Despite stiff opposition from within and outside the agency from critics who said data were insufficient to warrant approval, the FDA cleared the drug for use in a subset of patients with the rare muscle-wasting disease in 2016, prompting some to suggest the agency had bowed to pressure from patient advocates. Only in 2019 did Sarepta submit plans for a confirmatory trial, which is expected to be completed by 2024. But in the meantime, the company has since secured another DMD approval on the basis of a 24 patient study.
Yu, who previously worked with consumer genetics company 23andme, set up RDMD in late 2017 soon after co-founder Onno Faber was diagnosed with a rare genetic disease called NF2 (Neurofibromatosis Type 2), which affects 1 in 30,000 people.
“And so when we got together, it was really to figure out how do we tackle this — there are 7000 conditions and like one in 10 people have a rare disease that in aggregate, it’s a really big problem,” she noted.
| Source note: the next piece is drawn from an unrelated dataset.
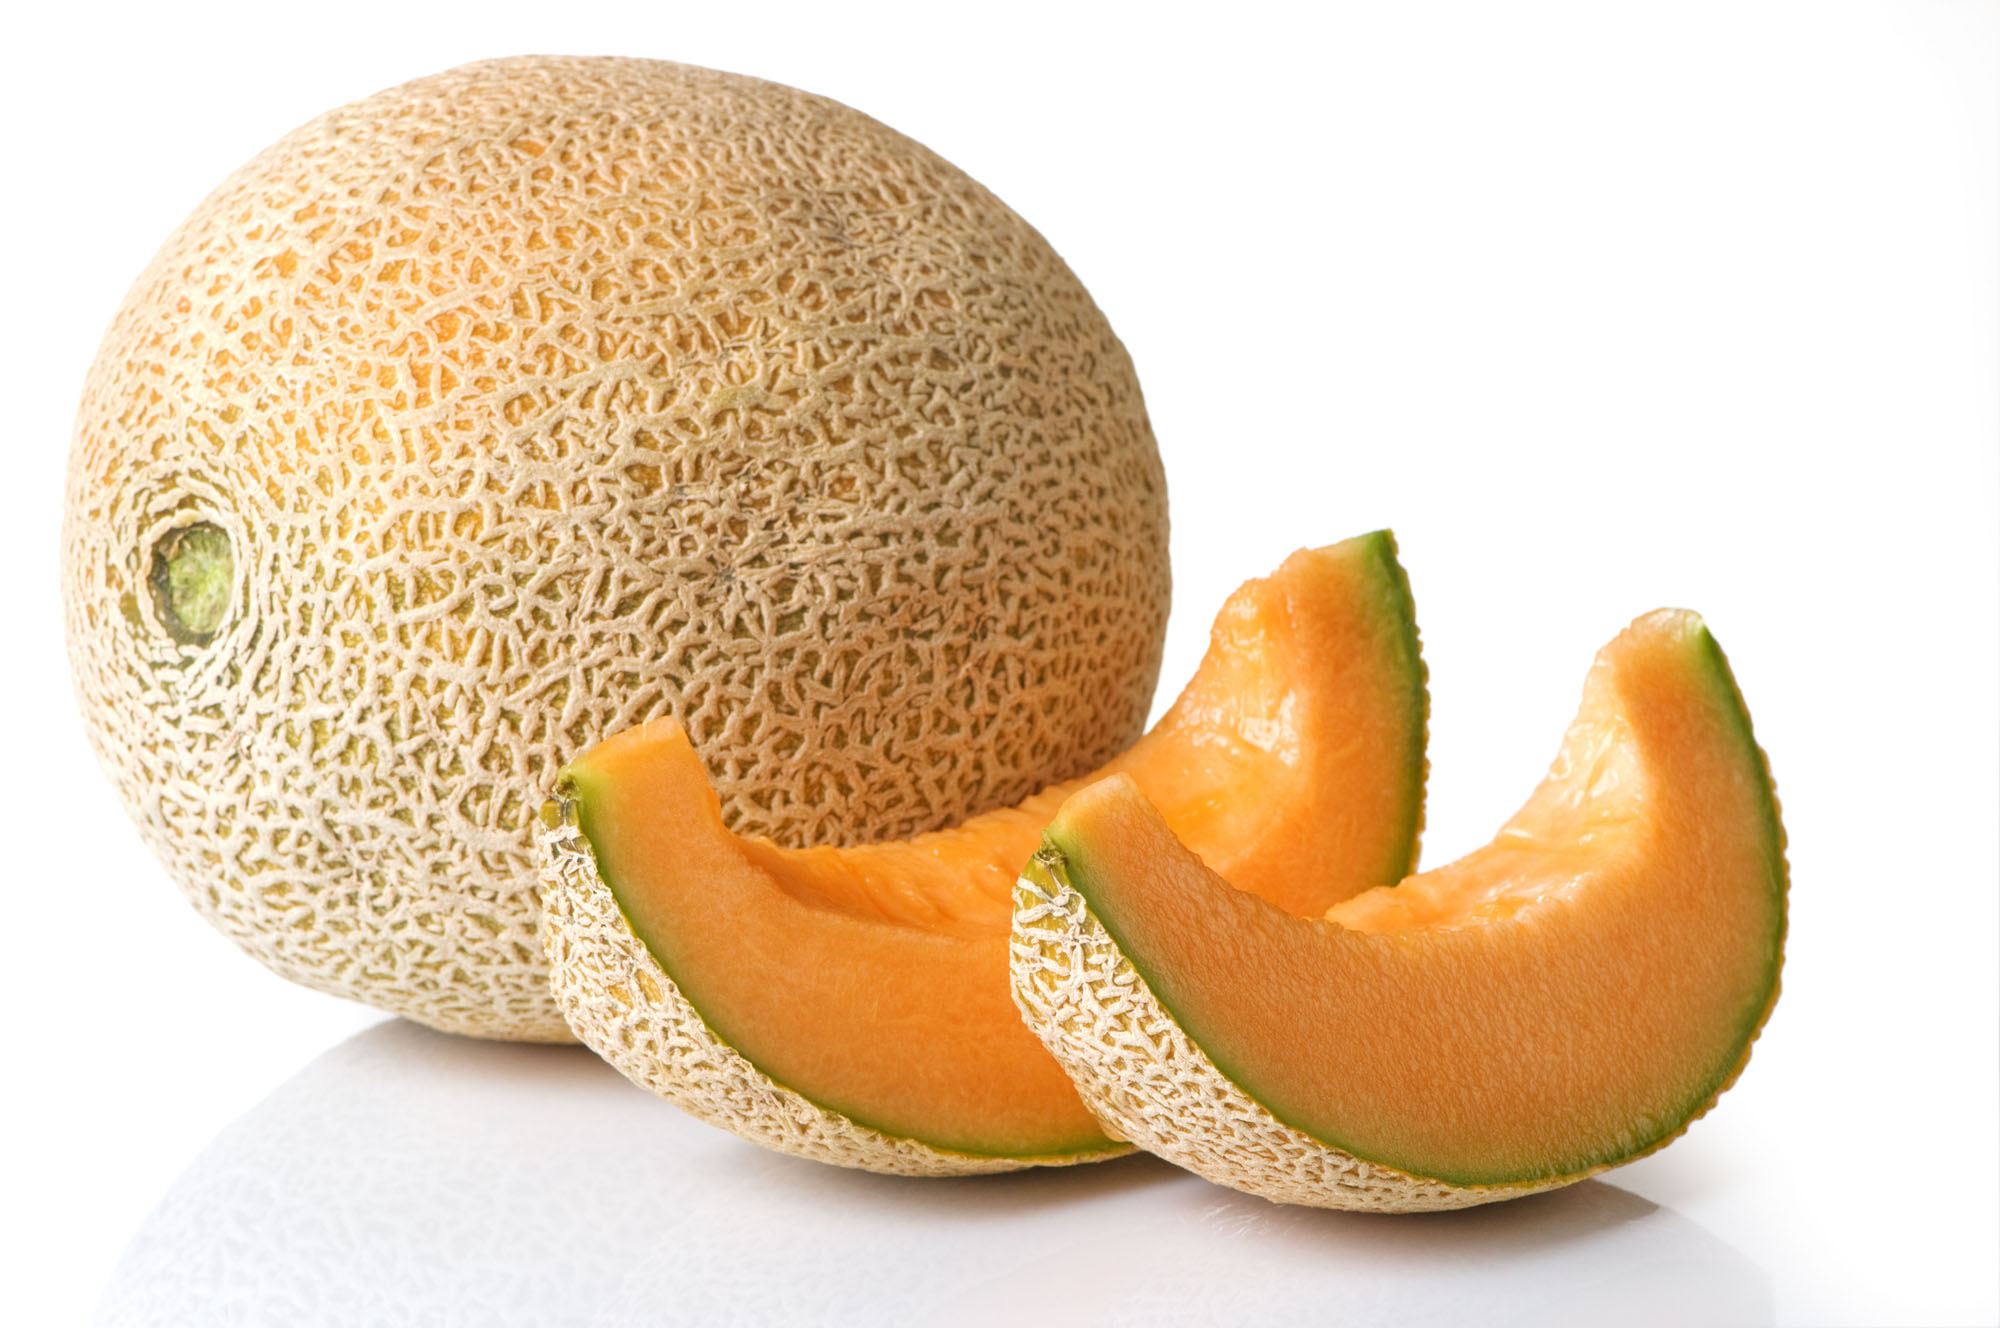 Melon Cantaloupe, und

On Thursday, the company also unveiled a partnership with Belgium-based drugmaker UCB for up to five years to work on progressive supranuclear palsy (PSP), a rare neurodegenerative disease.
In addition, RDMD is also partnering with patient advocacy organizations and physician consortiums across 12 conditions, including the Children’s Tumor Foundation, Cure Sanfilippo Foundation and National Tay-Sachs & Allied Diseases Association.
The Series A round also included the participation of existing seed investors Lux Capital, Village Global and Garuda Ventures, and new investor Maveron. The money will be used, among other things, to expand into a further 20 rare conditions and ensure the continuity of research programs throughout the Covid-19 pandemic.